All participants will receive single-agent MIRV at 6 mg/kg adjusted ideal body weight (AIBW) administered on Day 1 of every 3-week cycle (Q3W).
Tumor response will be evaluated by the Investigator using RECIST v1.1. Computerized tomography (CT) or magnetic resonance imaging (MRI) scans will be collected for sensitivity analysis by blinded independent central review (BICR).
Participants will continue to receive MIRV until disease progression, unacceptable toxicity, withdrawal of consent, death, or until the Sponsor terminates the study (whichever comes first).

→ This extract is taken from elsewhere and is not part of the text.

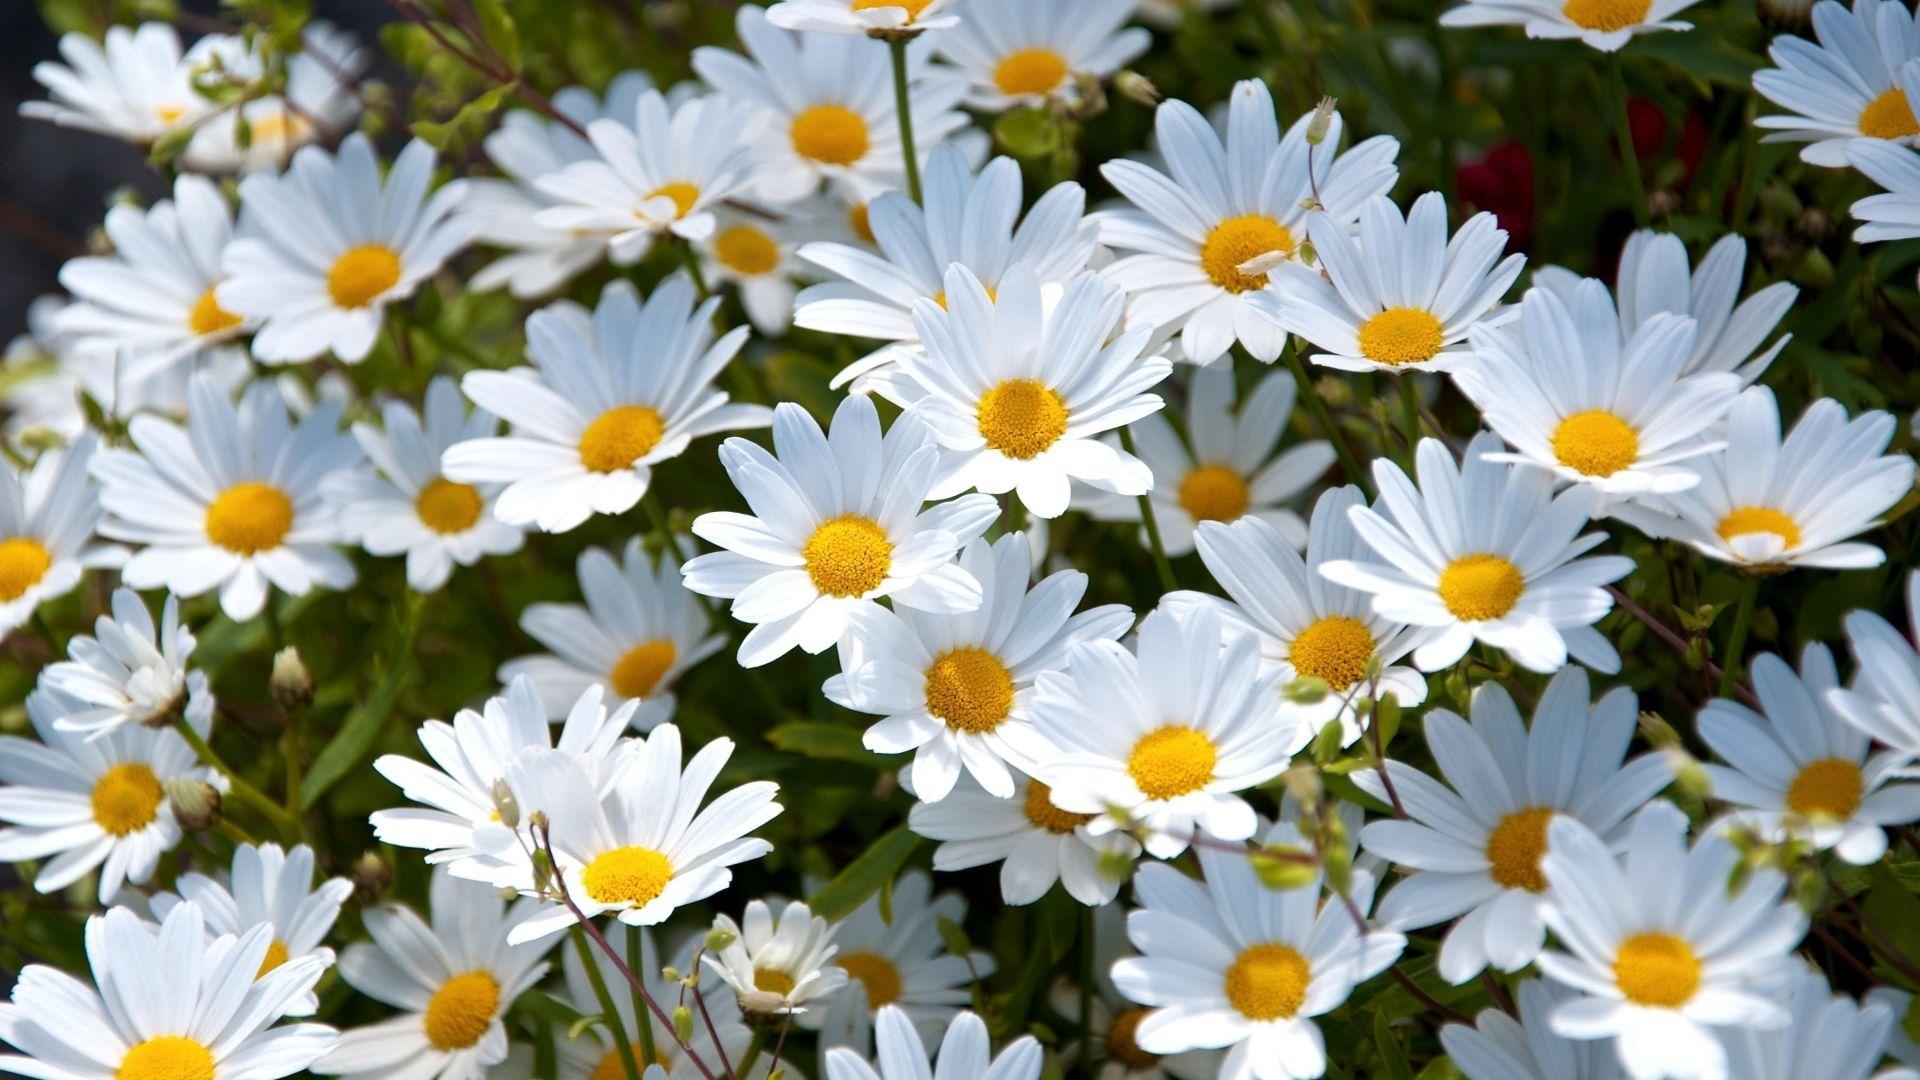 1920x1080 wallpaper daisies white meadow summer mood autumn 1920x1080 wallpaper daisies white meadow summer mood mightylinksfo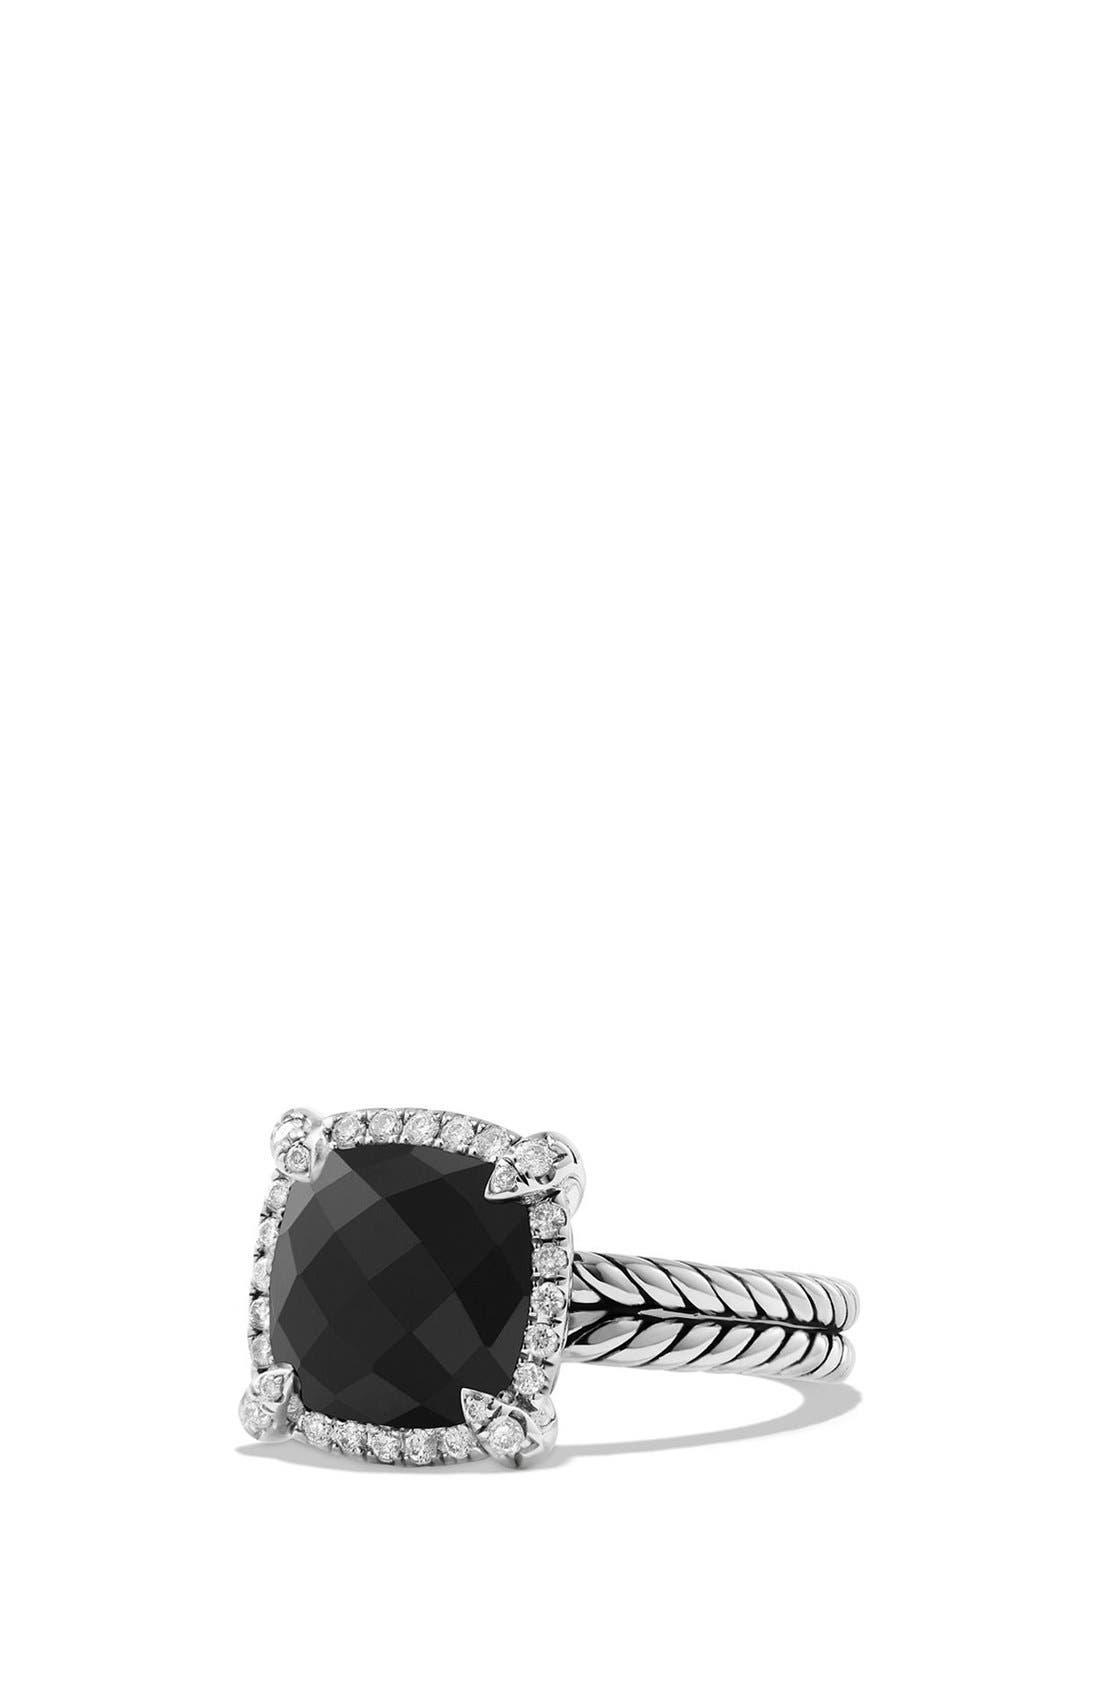 DAVID YURMAN 'Châtelaine' Small Pavé Bezel Ring with Diamonds, Main, color, BLACK ONYX

Tumor assessments, including radiological assessments by CT/MRI scans will be performed at Screening and subsequently every 6 weeks (± 1 week) from Cycle 1 Day 1 (C1D1) for the first 36 weeks then every 12 weeks (± 3 weeks) until disease progression, death, the start of new anticancer therapy, or participant's withdrawal of consent (whichever occurs first).
Participants who discontinue MIRV for reasons other than progressive disease (PD) will continue with tumor assessments until documentation of PD or the start of a new anticancer therapy, whichever comes first. Prior to Week 36 (from Cycle 1, Day 1), assessments should occur every 6 weeks (± 1 week) as allowed by local requirements but must occur at an interval of no more than 12 weeks. After Week 36, assessment will occur every 12 weeks (± 3 weeks) until documentation of PD or the start of new anticancer therapy.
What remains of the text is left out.